ACTIVITY >>
Do not include the pictures; repeat the rest of the data exactly.

(Source records)
=====
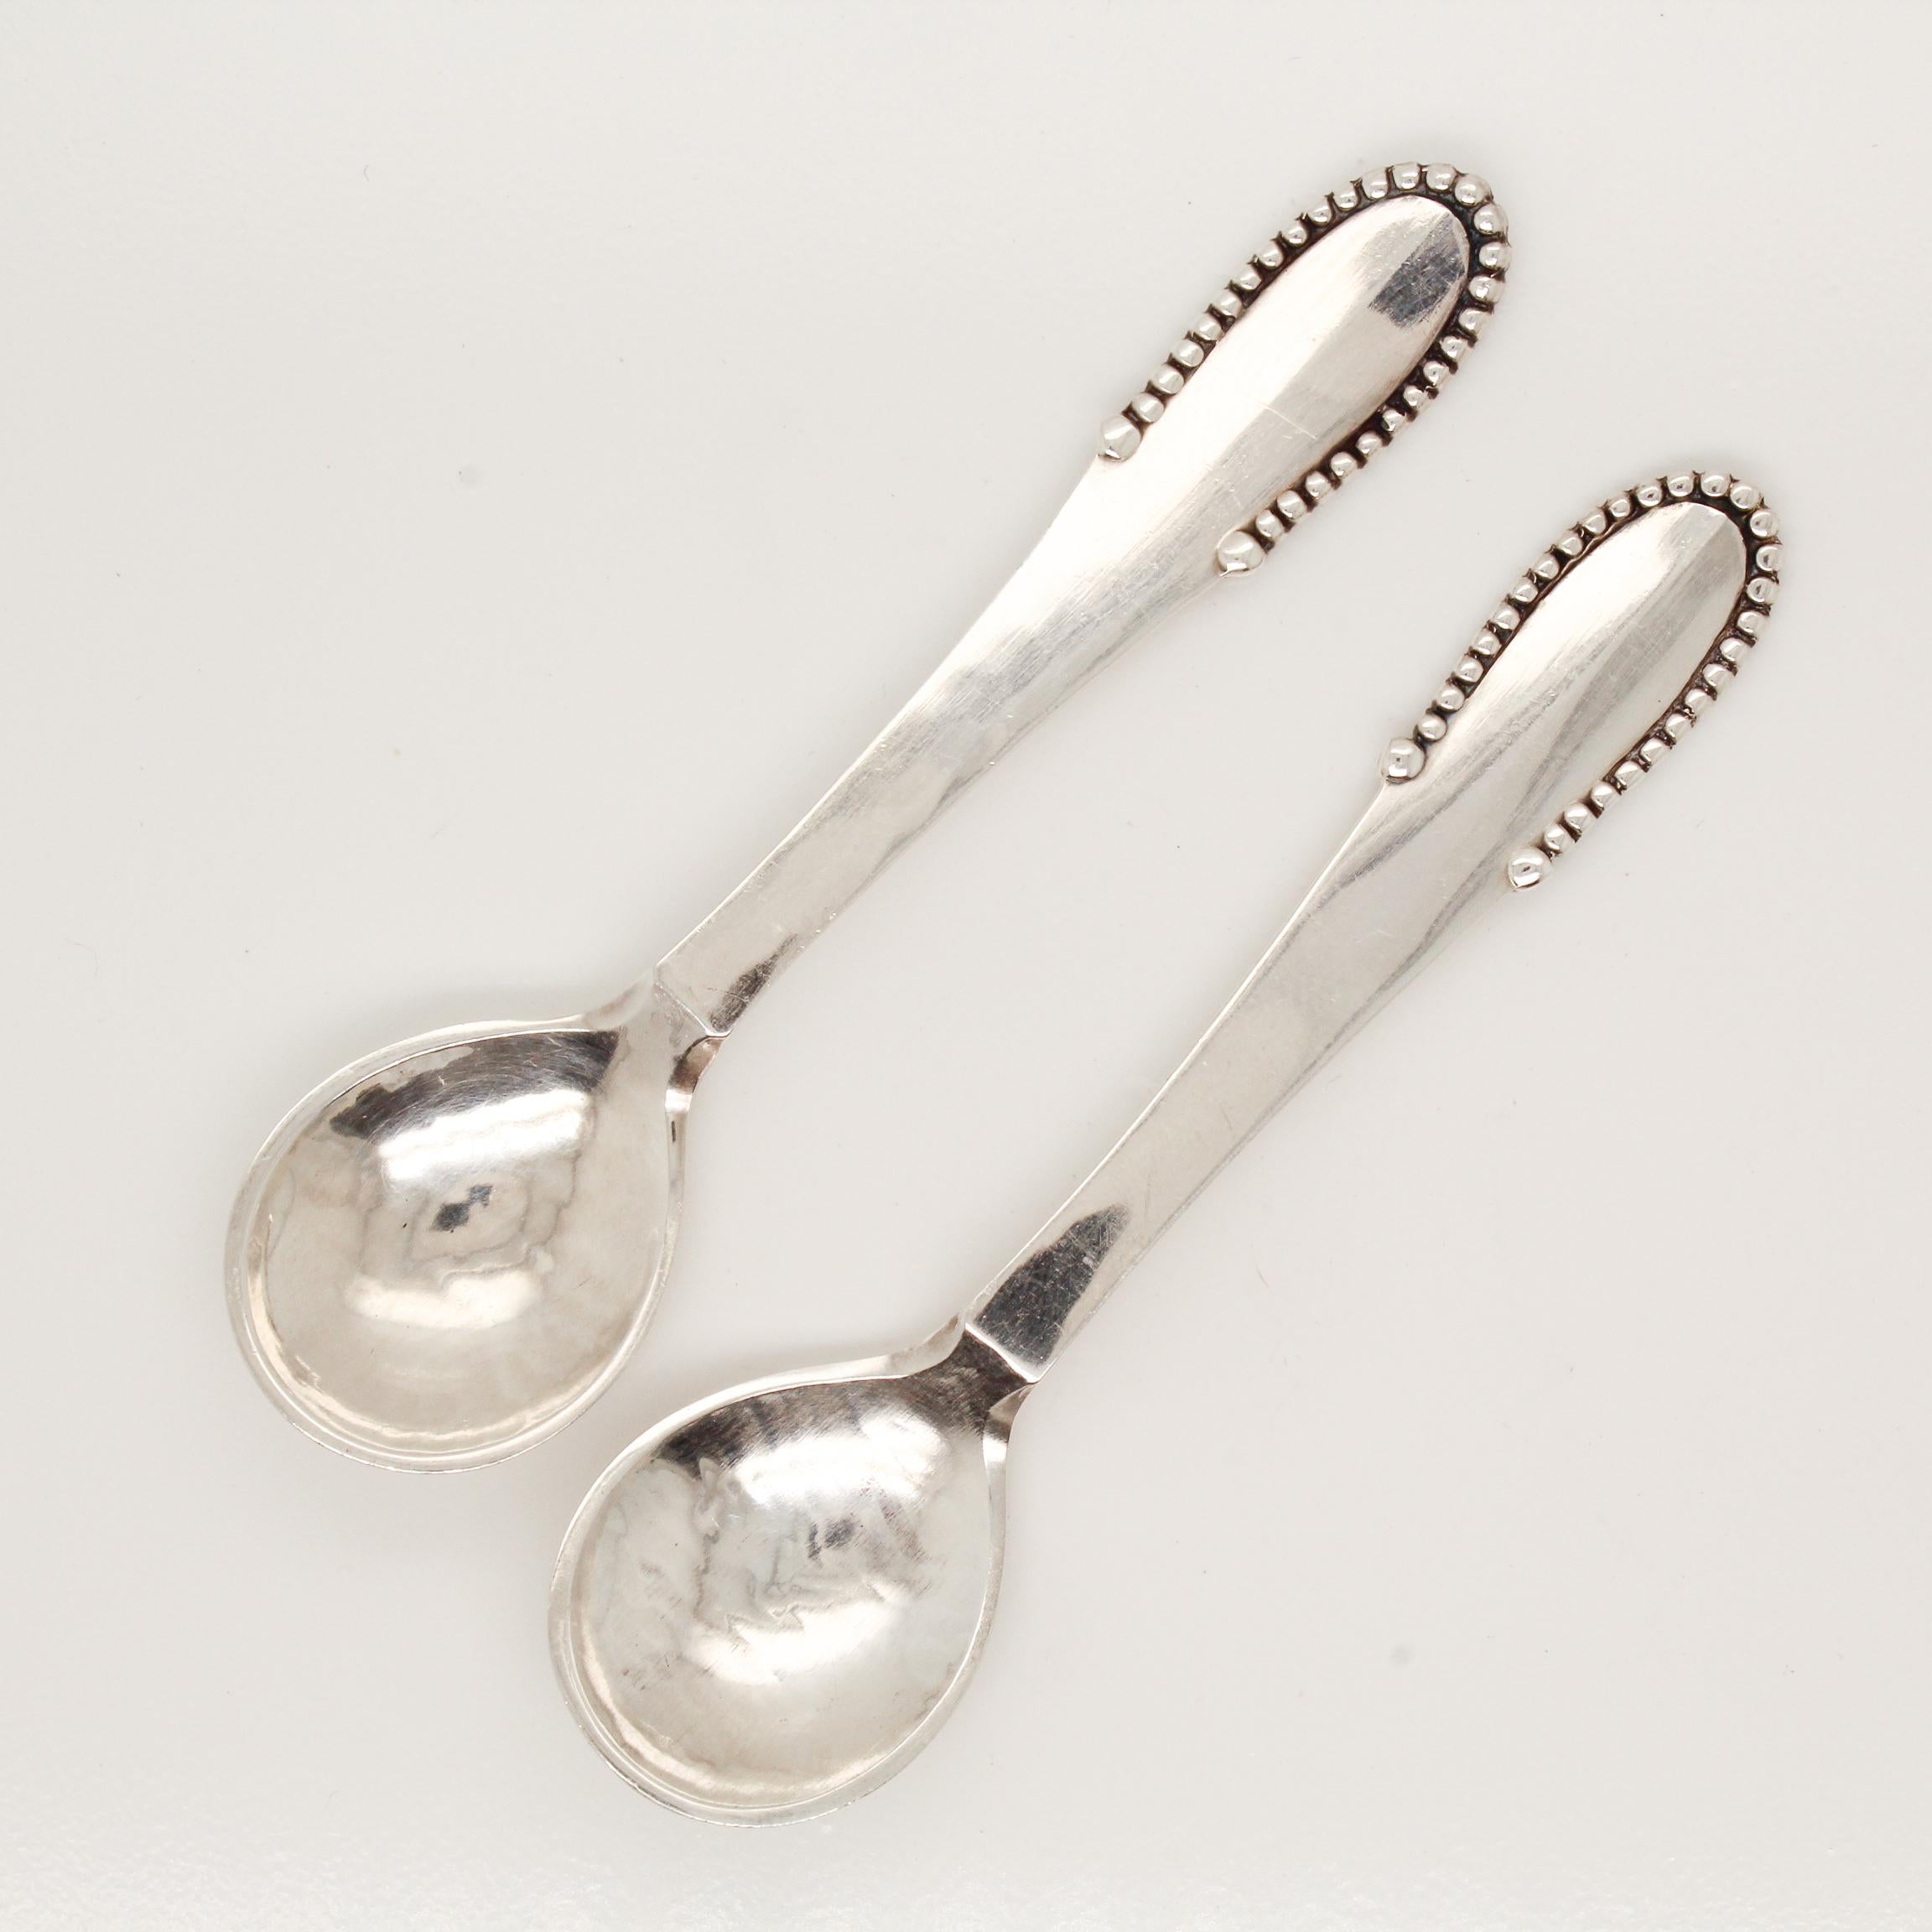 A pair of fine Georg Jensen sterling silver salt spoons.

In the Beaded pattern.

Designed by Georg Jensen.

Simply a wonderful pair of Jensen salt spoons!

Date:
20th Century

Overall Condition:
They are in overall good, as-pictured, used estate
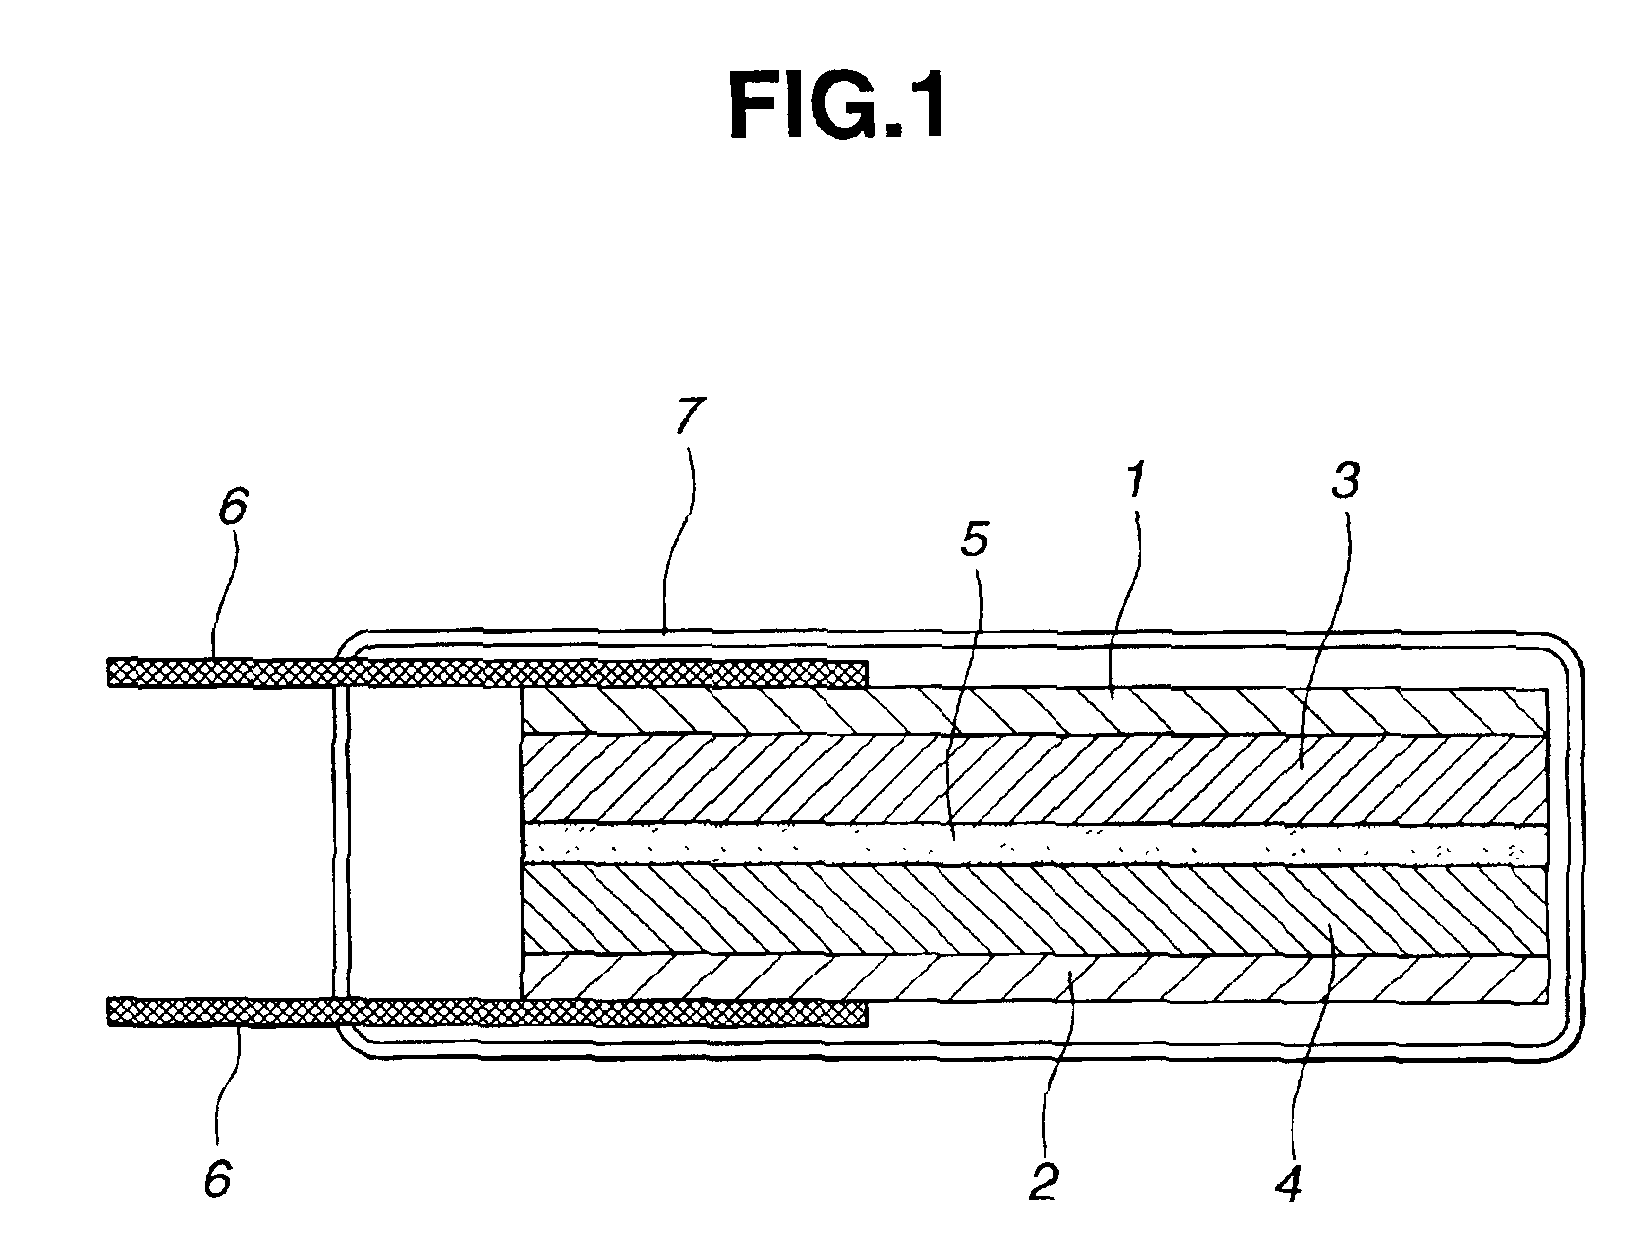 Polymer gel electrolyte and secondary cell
=====
TASK RESULT >>
 A pair of fine Georg Jensen sterling silver salt spoons.

In the Beaded pattern.

Designed by Georg Jensen.

Simply a wonderful pair of Jensen salt spoons!

Date:
20th Century

Overall Condition:
They are in overall good, as-pictured, used estate
 Polymer gel electrolyte and secondary cell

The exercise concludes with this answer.